In the death of Hurriyat leader Syed Ali Shah Geelani, 92, Kashmir has lost one of its tallest leaders, whom neither time nor tide could tame. On the contrary, his stand had been turning less and less accommodative in the evening of his life. True, he was a hawk all his life, for separatism was an article of faith for him. What separated him from the Hurriyat and other political leaders in Kashmir was that he could not compromise on his belief that Kashmir’s redemption lay in its own distinct identity.
A person who was elected to the state assembly three times and who knew that there was no better way to fulfil the dreams of the people than through democracy, he eschewed the democratic path. True, if he lost his faith in the democratic system, he alone could not be blamed, for those who controlled the system were willing to make it a tool of their political and administrative machinations.
All through his life, Geelani tried to give the impression that he wanted the Kashmiris themselves to be the masters of their own destiny. In other words, separatism for him did not mean Kashmir becoming an adjunct of Pakistan, though he welcomed the support from across the border as long as it furthered his cause. A perceptive shift in his position could be discerned, as he was no longer shy of mentioning the P-word in the articulation of his stand.
The political developments in the state since it lost its statehood and became two Union Territories directly administered by the Union government through a pliable governor seem to have hardened his political stand. By the time he died, he had forsaken his neutrality and had aligned himself with Pakistan, though it had no practical implications.
This fetched Geelani Pakistan’s highest civilian award, Nishan-e-Pakistan, in July last year more to spite India than to honour him. Pakistan has upped the ante by declaring that its flag will fly at half-mast as a mark of respect to the nonagenarian leader. The hawks on this side of the border will invariably ask how Pakistan’s grief would matter to the people of Jammu and Kashmir who believe that one unsettled issue of the Partition was the reunification of the Pakistan-occupied Kashmir with the rest of India.
Discussions on such topics can be endless for they are unlikely to yield any conclusions, let alone an enduring solution to the Kashmir conundrum. That extraordinary steps like suspending the Internet connectivity in the state needed to be taken in the context of Geelani’s death does not show the political system in a good light.
Two months ago, there was a ray of hope when the Centre called an all-party meeting to end the imbroglio. One fervently hoped that there would soon be some light at the end of the tunnel. Alas, nothing of the sort happened as there has been no follow-up.

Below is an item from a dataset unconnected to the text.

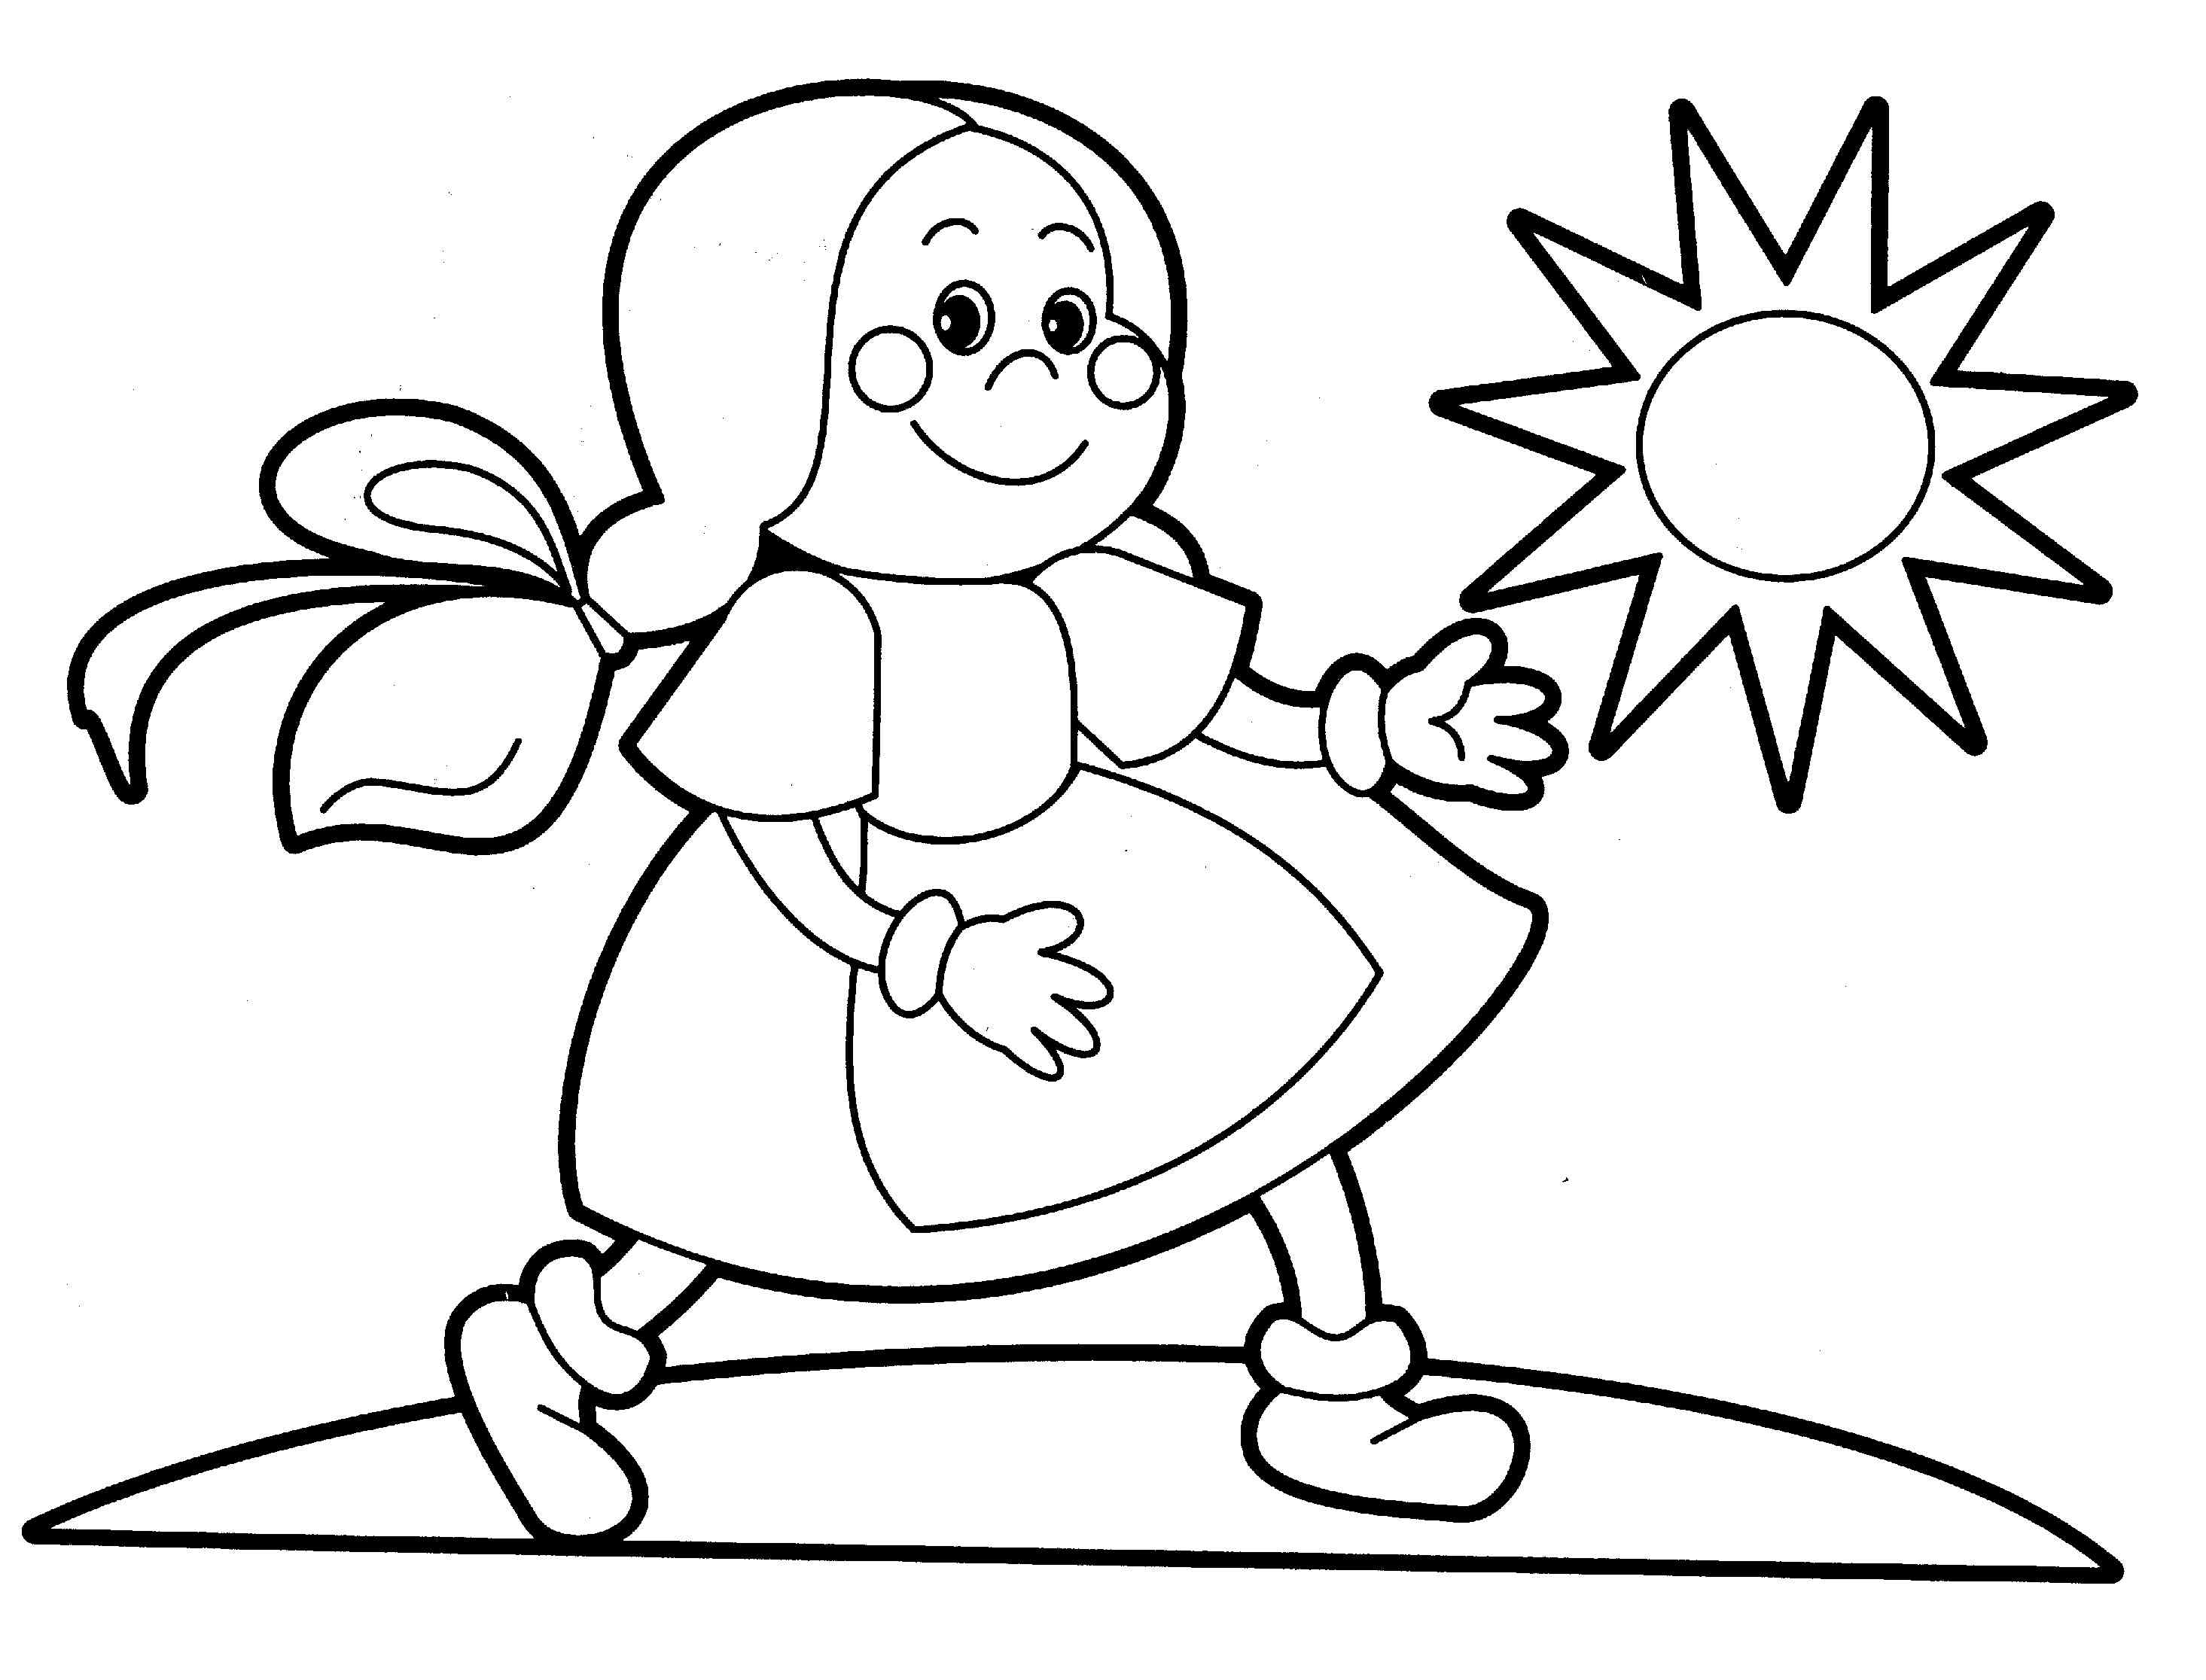 Little people coloring pages for babies 21 / Little people / Kids ...
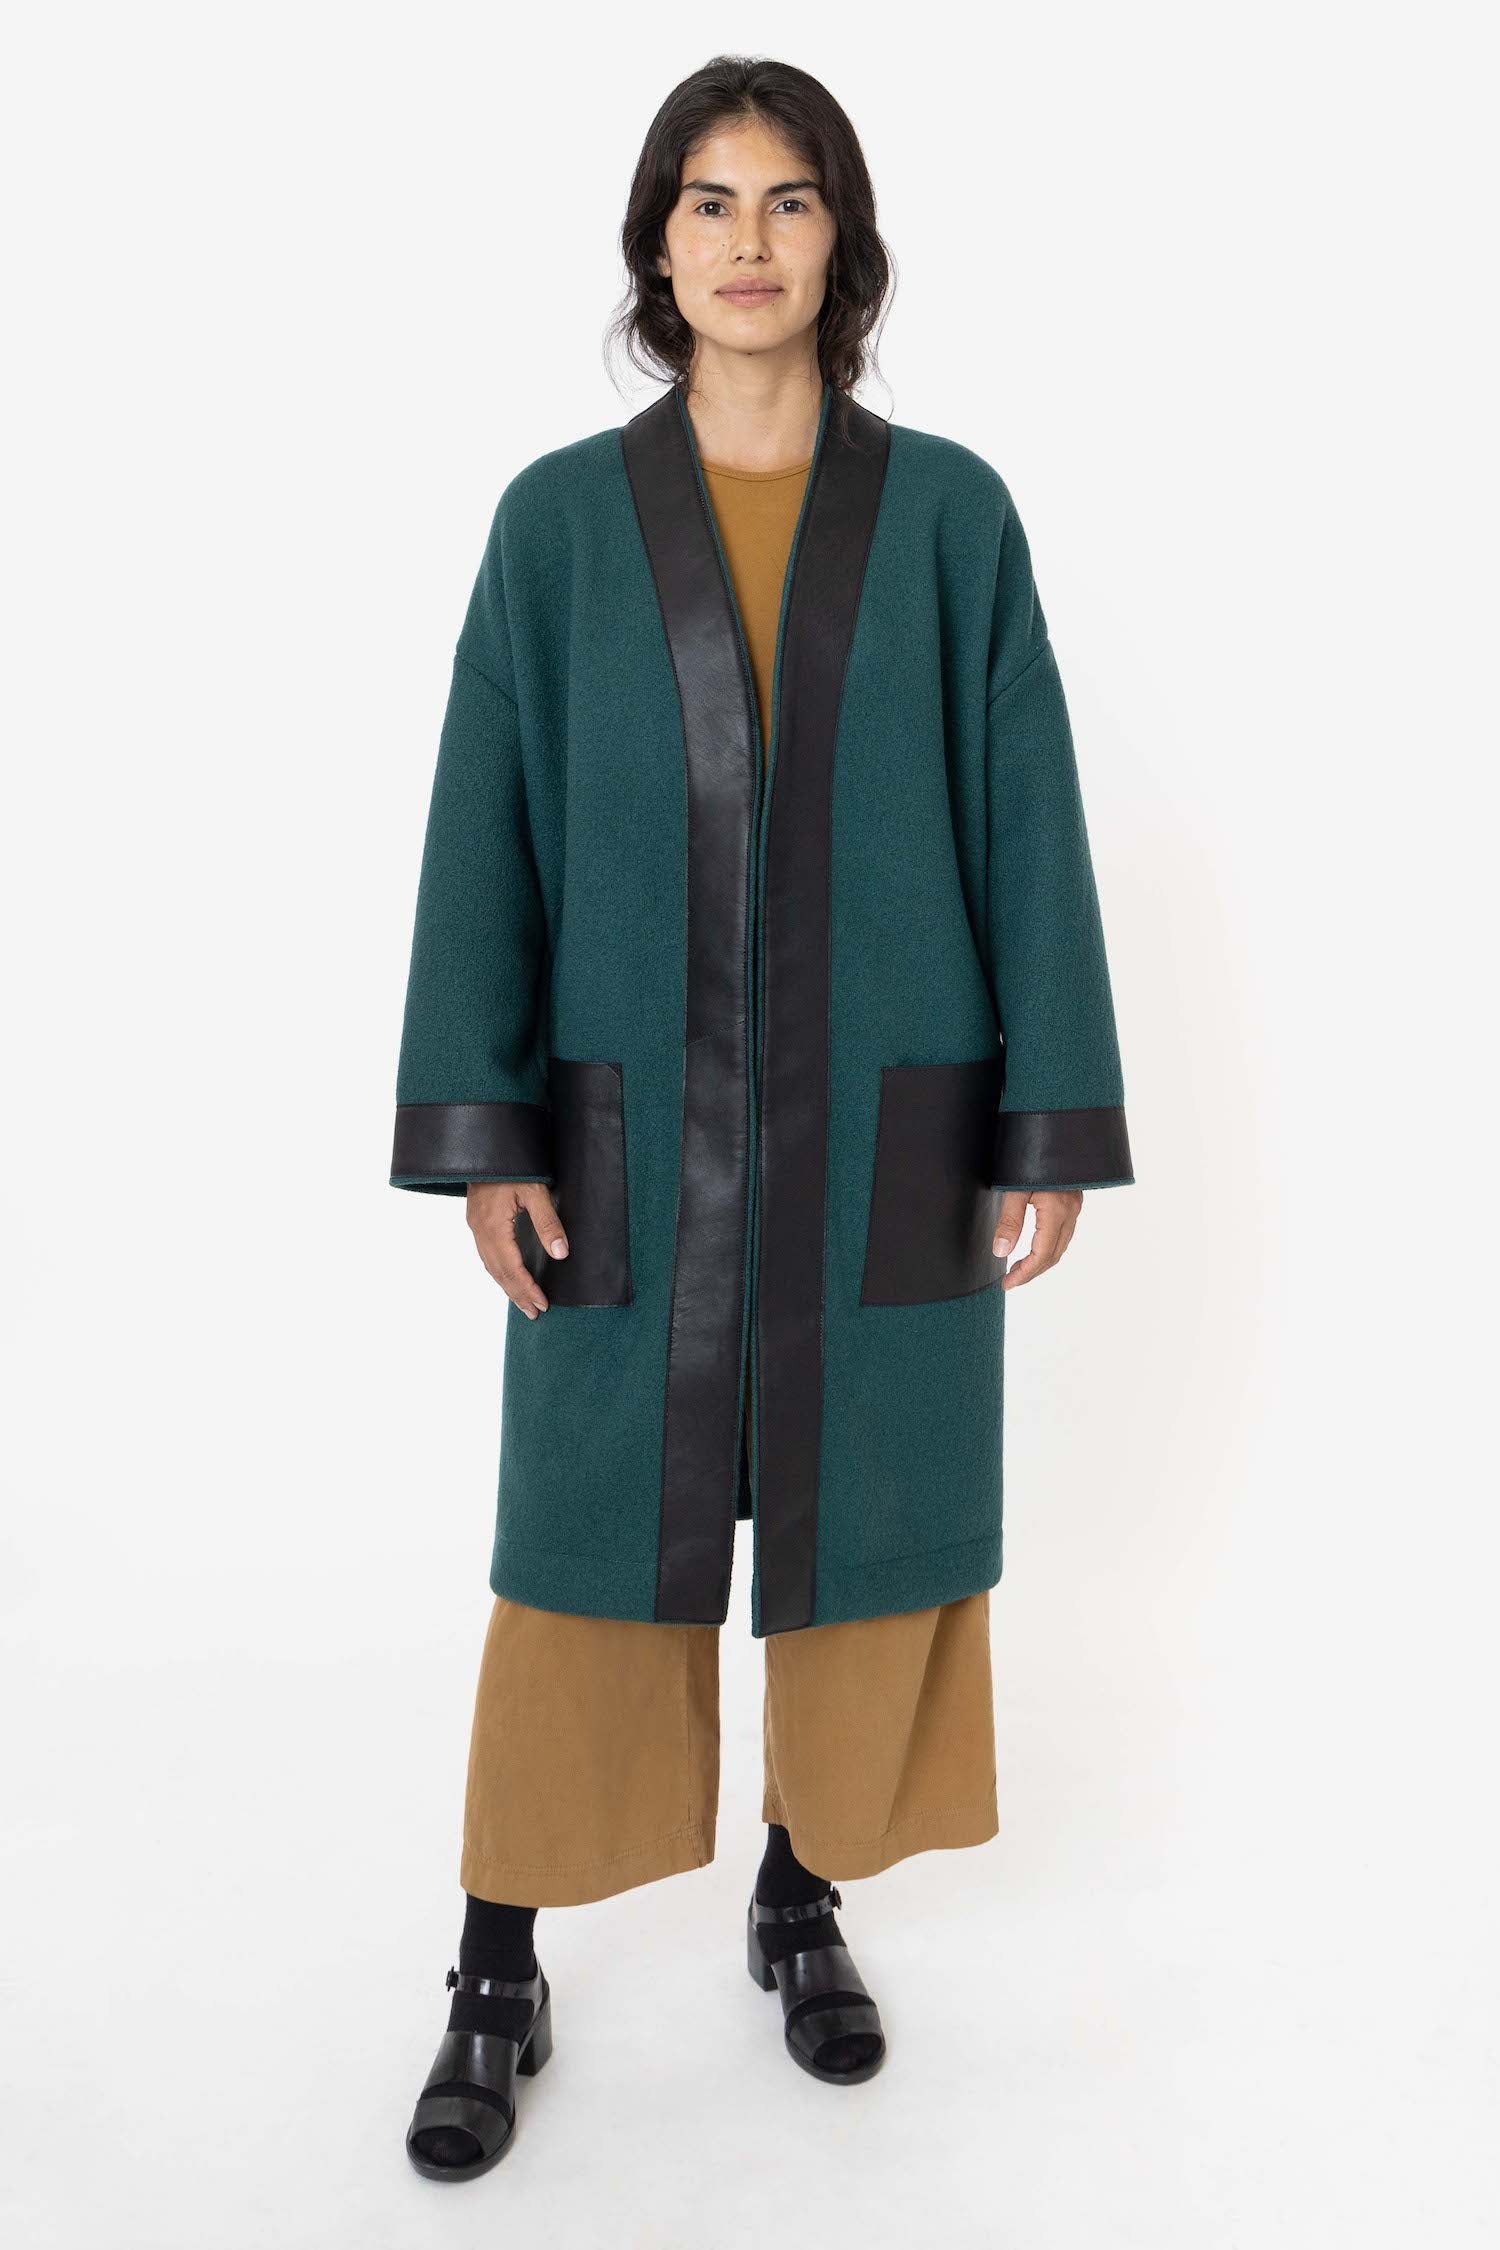 RWL100 - Wool Coat with Leather Trim

Leaders like former Chief Minister Mehbooba Mufti cannot be blamed if they accuse the Centre of treating the all-party jamboree as nothing but a photo opportunity to mislead public opinion within and without the country. It is certainly not in the nation’s interest if such a perception remains among the Kashmiris who believe that their destiny is intertwined with that of India. They need to be taken into confidence for enduring peace and tranquillity in the state. Forces represented by Geelani and his ilk are not the only ones who are agitated over the goings-on in the erstwhile state.
Article 370 is no longer the issue, for it had become a dead letter even before the BJP came to power at the Centre. Statehood is an altogether different kettle of fish. Declaring the state as two UTs was an administrative decision which had no political sanction. The BJP can claim that abrogation of Article 370 had always been the party’s core demand right from the day it came into being, first as the Bharatiya Jan Sangh.
However, the same cannot be said about the vivisection of the state, which was never a part of the party’s agenda. It did not figure in any of the election manifestos the party brought out in successive elections. India is a federal state with certain unitary characteristics. Restoration of statehood is a prerequisite for the restoration of democracy. The earlier this is done, the better it will be for the country. Quietness is not a state of normalcy. Nor is cacophony an ideal state.